Ist das nicht ein etwas idealisiertes Bild der Weiterbildung? Oder anders gefragt: Sind die Unternehmen und die Mitarbeiter bereits so mündig?
Eine selbstverantwortliche Lernkultur entsteht nicht von heute auf morgen. Und sie bedingt in den meisten Firmen tatsächlich ein Umdenken und eine kulturelle Veränderung. Diese Veränderung herbeizuführen und zu begleiten, ist eine der grössten Herausforderungen für Aus- und Weiterbildungsverantwortliche. Doch ich bin positiv gestimmt: Die Tendenzen weisen in die richtige Richtung.
Was heisst das für die Anforderungsprofile der Ausbildungsverantwortlichen?

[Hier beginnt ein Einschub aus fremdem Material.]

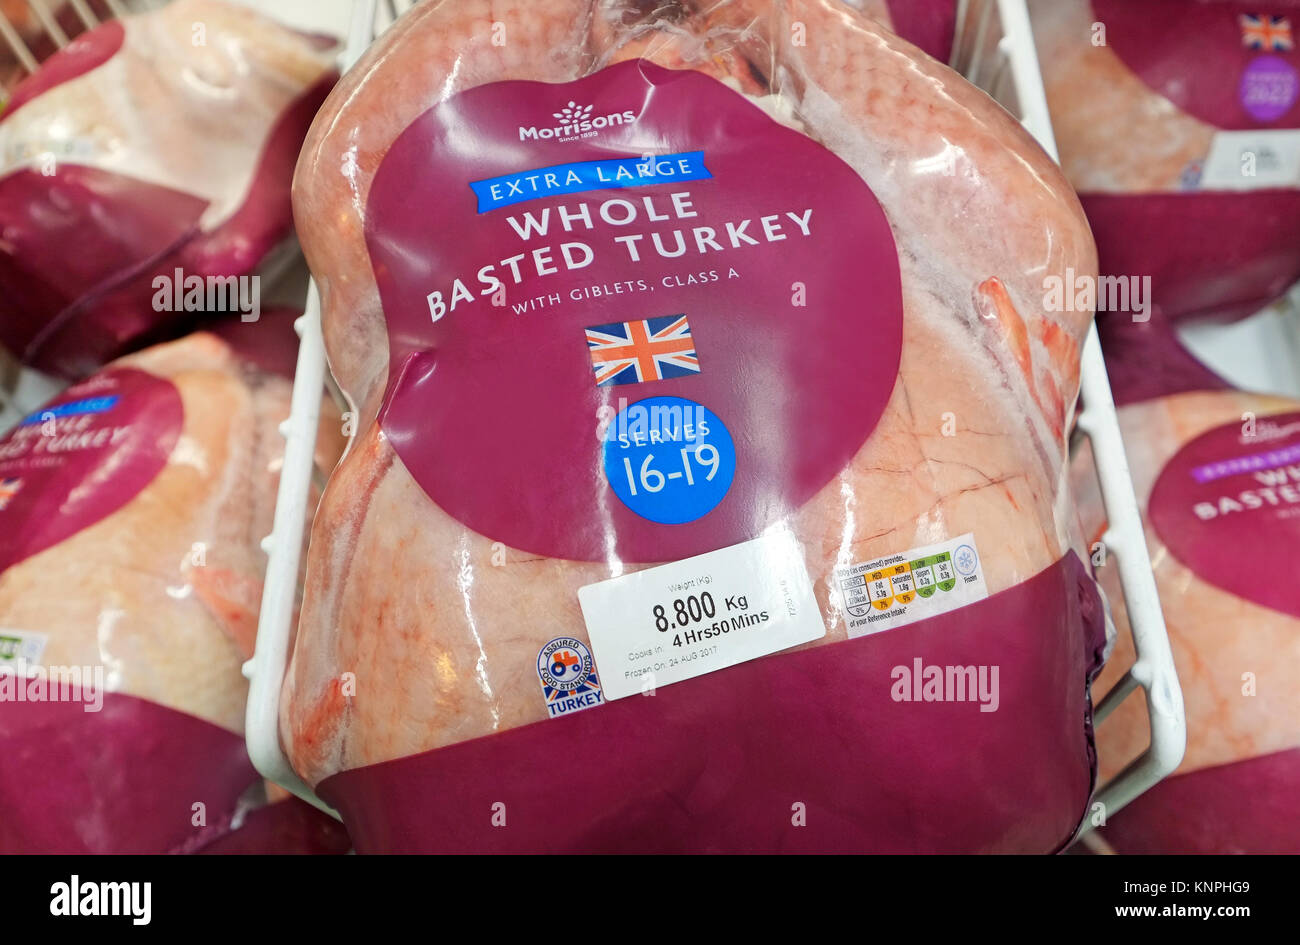 extra large frozen whole basted turkey in supermarket freezer cabinet Stock Photo
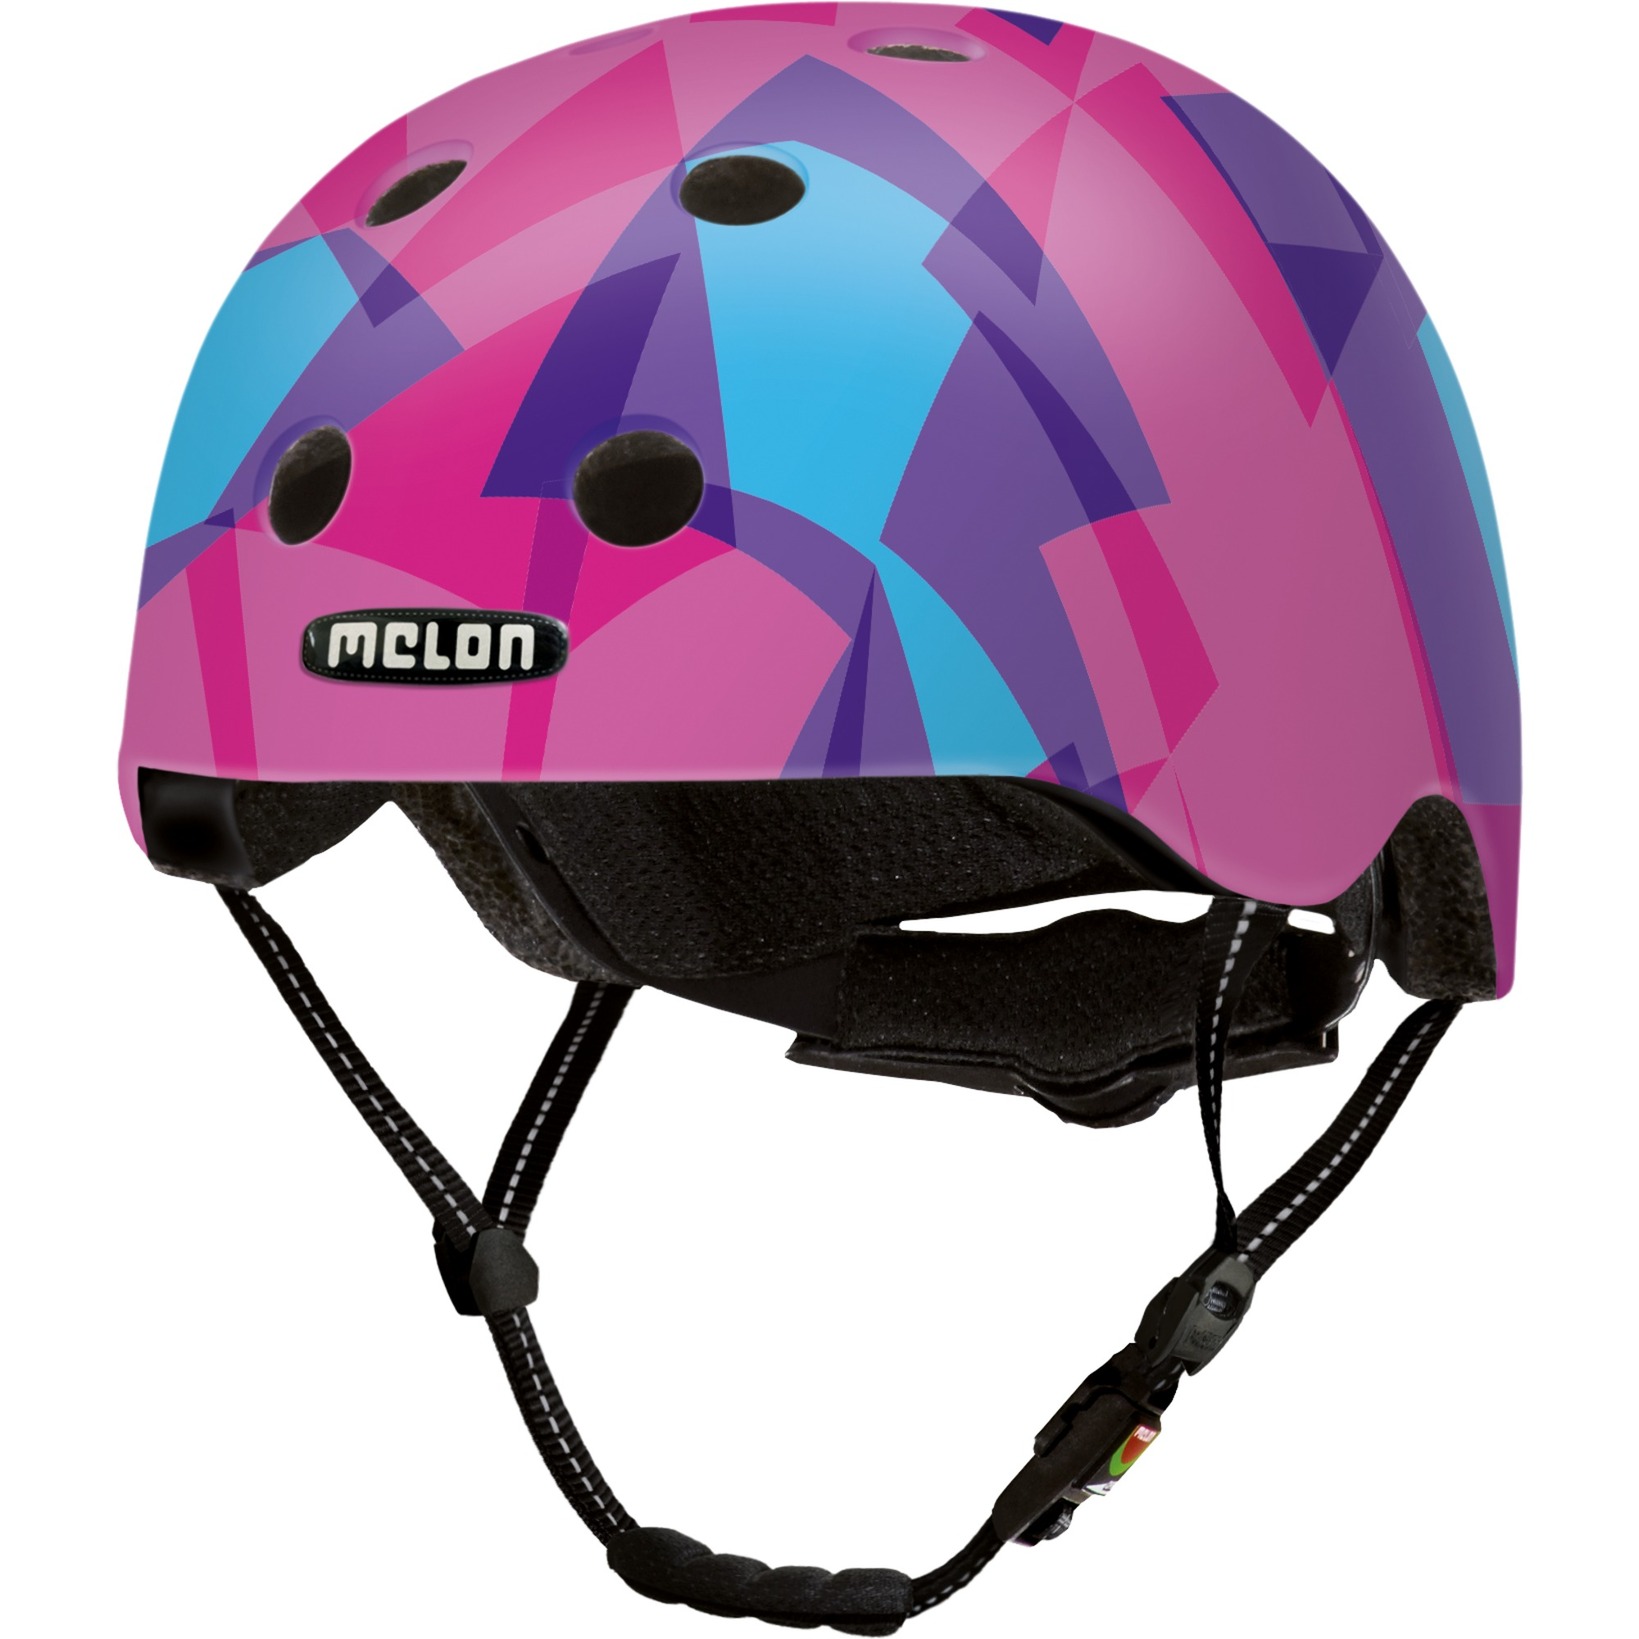 Image of Alternate - Candy, Helm online einkaufen bei Alternate

Es müssen Leute sein, die nicht mehr im «Kürslidenken» verhaftet sind. Natürlich müssen sie noch immer eine Übersicht über die verschiedenen Kurse haben, doch es kommen neue Bereiche dazu. So ist es meiner Ansicht nach unabdingbar, dass Personalvorstände sich im Rahmen einer neuen strategischen Ausrichtung ihres Unternehmens überlegen, was die Weiterbildung dazu beitragen kann. Dazu müssen sie massgeschneiderte Bildungsmassnahmen entwickeln und diese immer wieder hinterfragen.
Zudem müssen Ausbildungsverantwortliche künftig viel stärker beratend tätig sein. Dazu reicht es nicht mehr, nur einen pädagogischen Hintergrund mitzubringen. Linienerfahrung ist absolut notwendig, denn es ist essenziell, das Geschäft zu kennen und die Managementsprache zu sprechen, um alle Leute im Unternehmen abholen zu können und zu verstehen, welche Weiterentwicklung Mitarbeitende brauchen.

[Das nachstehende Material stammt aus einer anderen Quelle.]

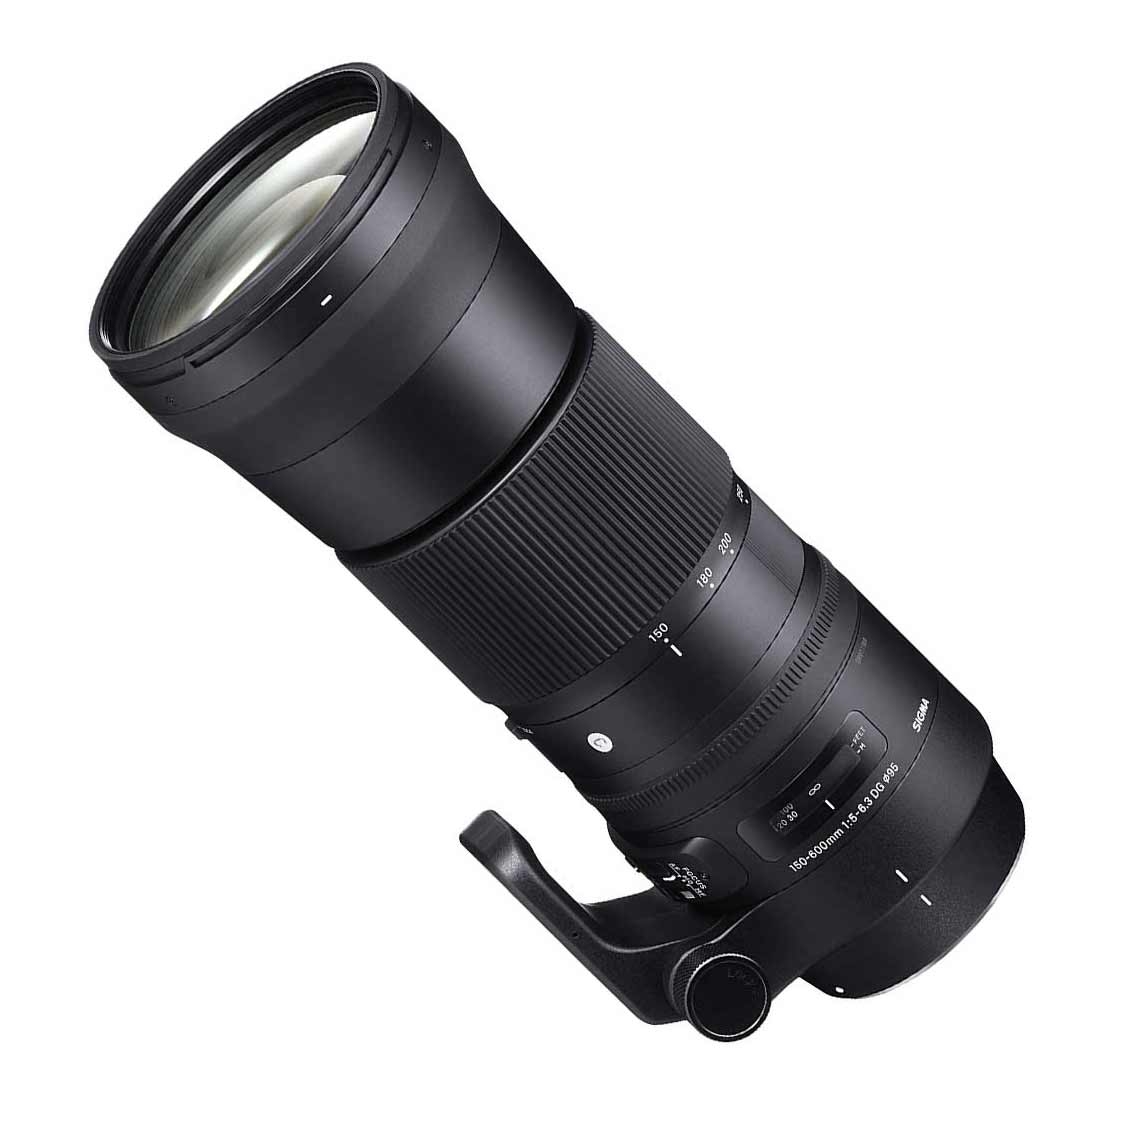 Sigma AF 150-600mm DG OS HSM Contemporary Lens for Canon EF Mount
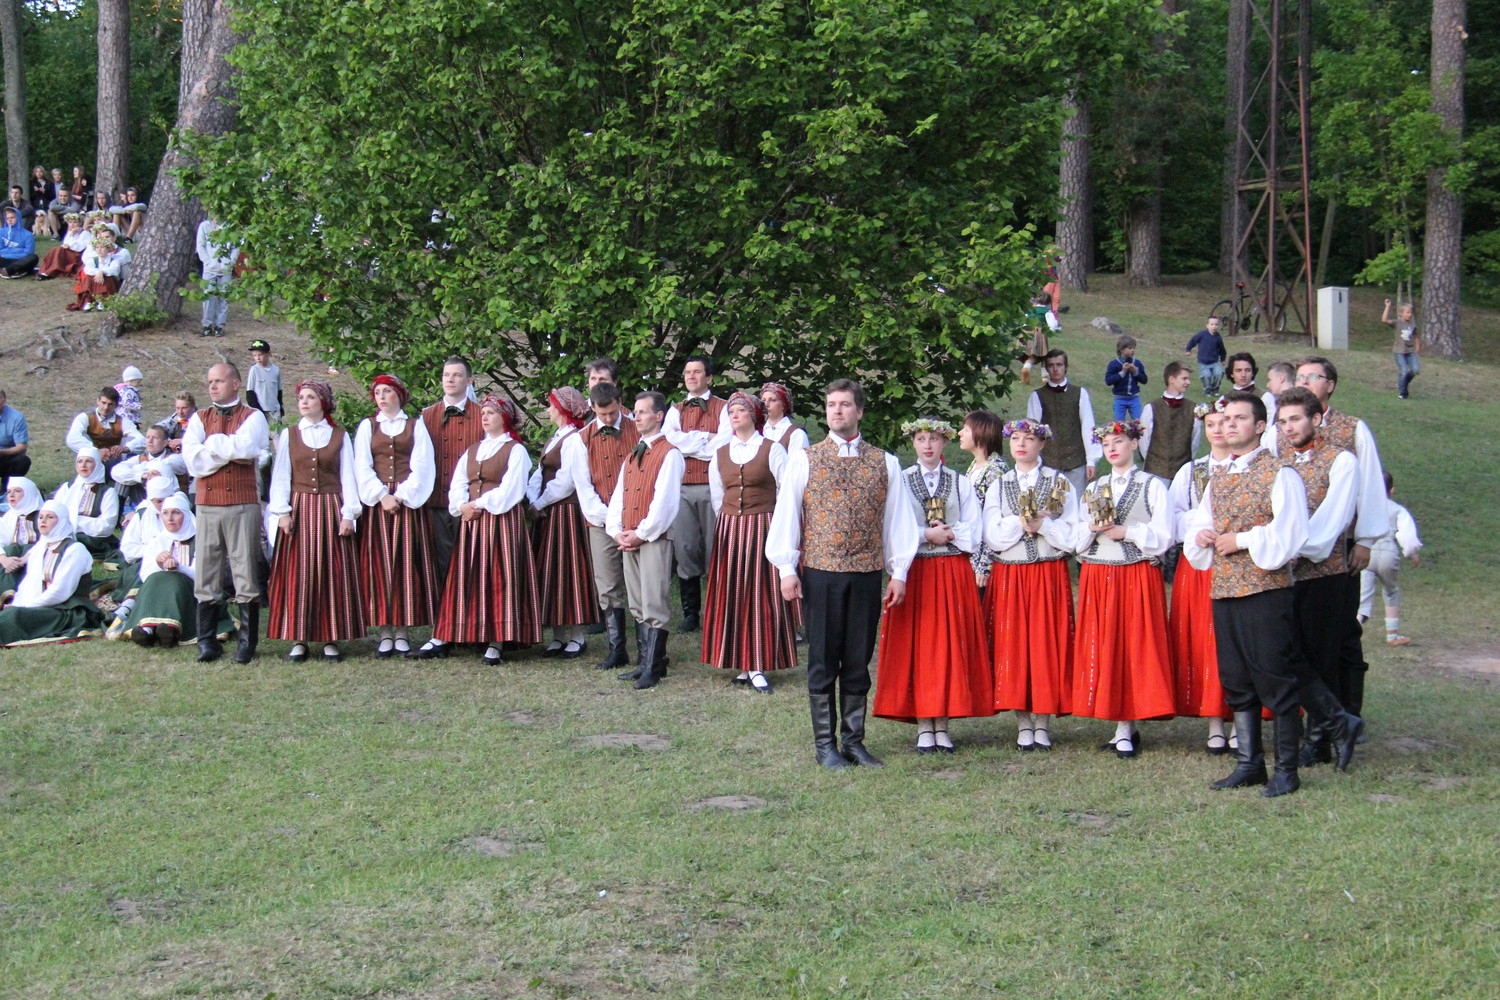 VIII Ziemeļu un Baltijas valstu Dziesmu svētku ieskaņu koncerts Durbes estrādē

Sie beschäftigen sich ja auch mit Lerninnovationen. Wo orten Sie die künftigen Trends in der betrieblichen Aus- und Weiterbildung?

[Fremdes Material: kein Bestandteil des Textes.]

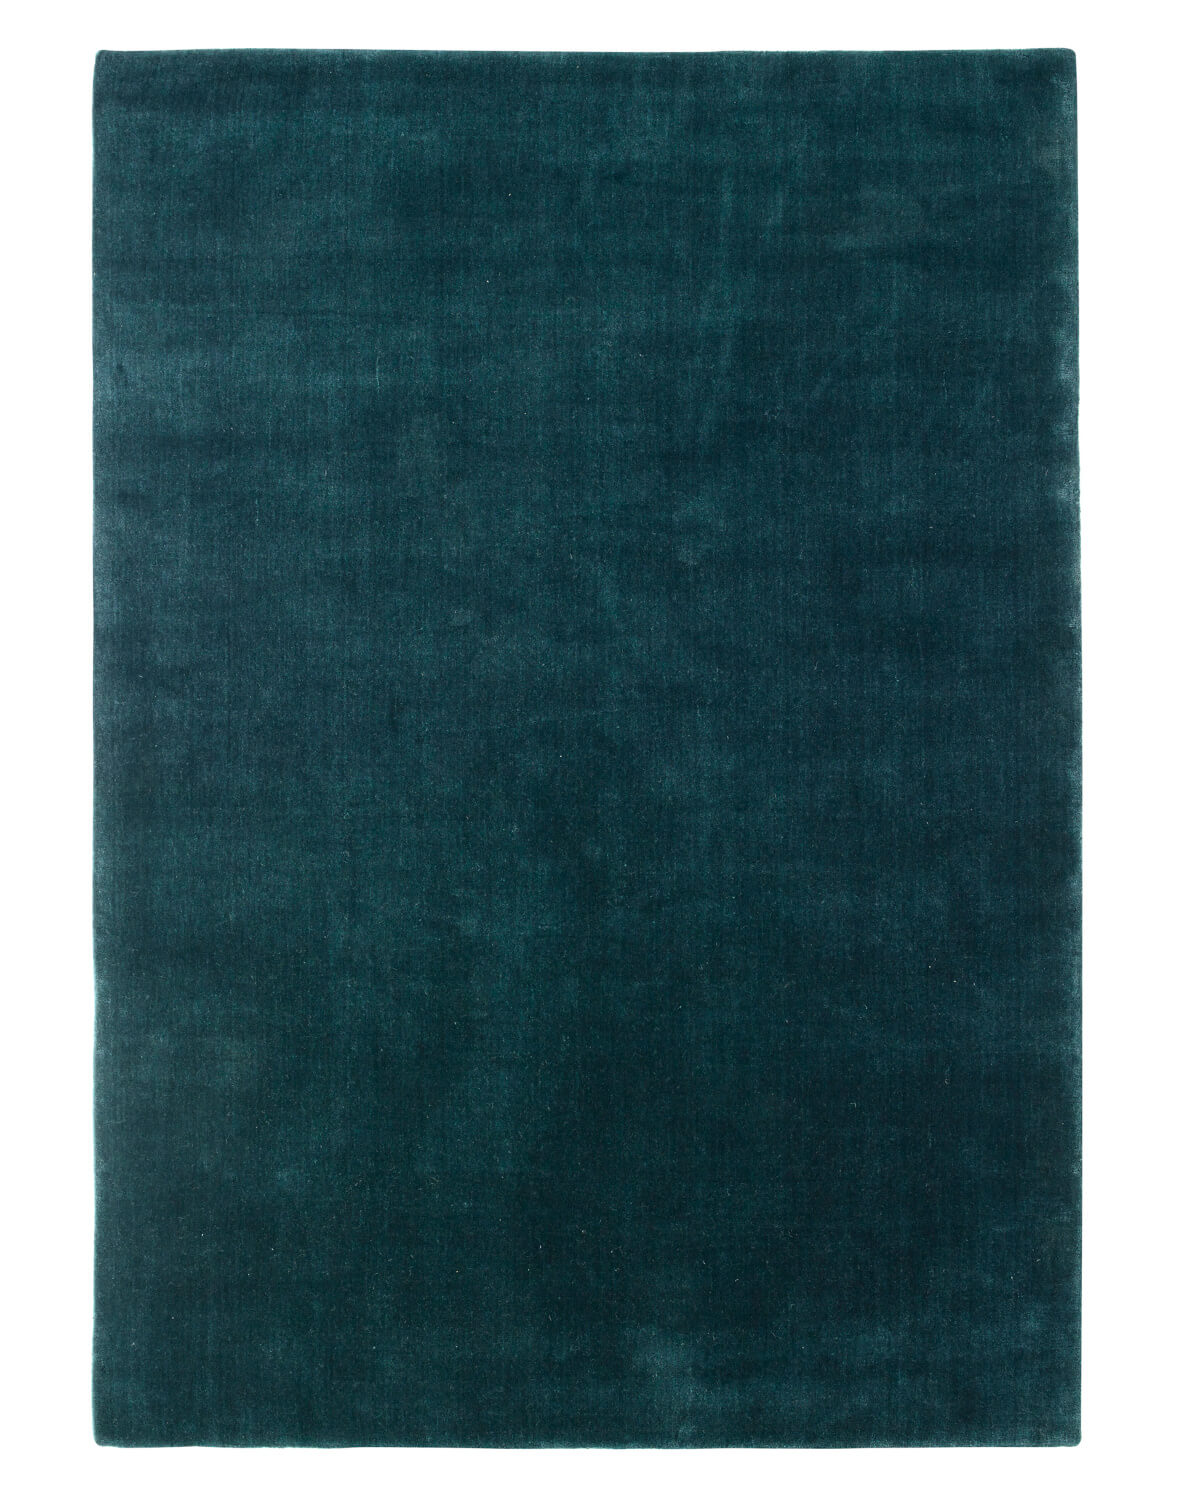 Earth Teppich, 170 x 240 cm, moss green

Neben dem Portfolio-Ansatz ist die Frage, wie das formale Lernen mit dem informellen Lernen verknüpft werden soll, ein grosser Trend. Und durch das Kompetenzmanagement wird dieser immer wichtiger.
70 bis 80 Prozent unseres Wissens nehmen wir in informellen Lernsituationen auf, zum Beispiel von Kollegen, von Vorgesetzten oder auf Messen. Ausbildungsverantwortliche sollten sich überlegen, welche Rahmenbedingungen sie schaffen können, damit dieses informelle Lernen und die Weitergabe dieses Wissens im Unternehmen gefördert werden können. Bildungsverantwortliche müssen zu Gestaltern solcher Lernkulturen werden. Dazu muss die Ausbildungsabteilung noch stärker mit der Organisationsentwicklung verknüpft werden.
Wie können solche Rahmenbedingungen gestaltet werden?
Zum Beispiel mit Transfernetzwerken wie Communities of Practice, informellen Breakfasts oder Lunches mit Kaderleuten. Patentrezepte gibt es allerdings keine. Die Strategien sind so individuell wie die Firmen selbst. Das A und O ist es, dass sich die Lernkultur eng an der Firmenstrategie orientiert und die Kompetenzen der Mitarbeitenden zukunftsorientiert weiterentwickelt und dazu auch die nötigen Anreizsysteme geschaffen werden.
Die Gesprächspartnerin
Sabine Seufert studierte Wirtschaftspädagogik an der Universität Erlangen-Nürnberg und promovierte in Betriebswirtschaftslehre an der Westfälischen Wilhelms-Universität in Münster (Dr. rer. pol.). Nach Praxiserfahrungen in kaufmännischen Berufsschulen sowie in der betrieblichen Weiterbildung ist sie seit 1997 an der Universität St. Gallen tätig. 2006 habilitierte Sabine Seufert zum Thema «Innovationsorientiertes Bildungsmanagement». Seit 2003 leitet sie das Swiss Centre for Innovations in Learning (scil) an der Universität St. Gallen.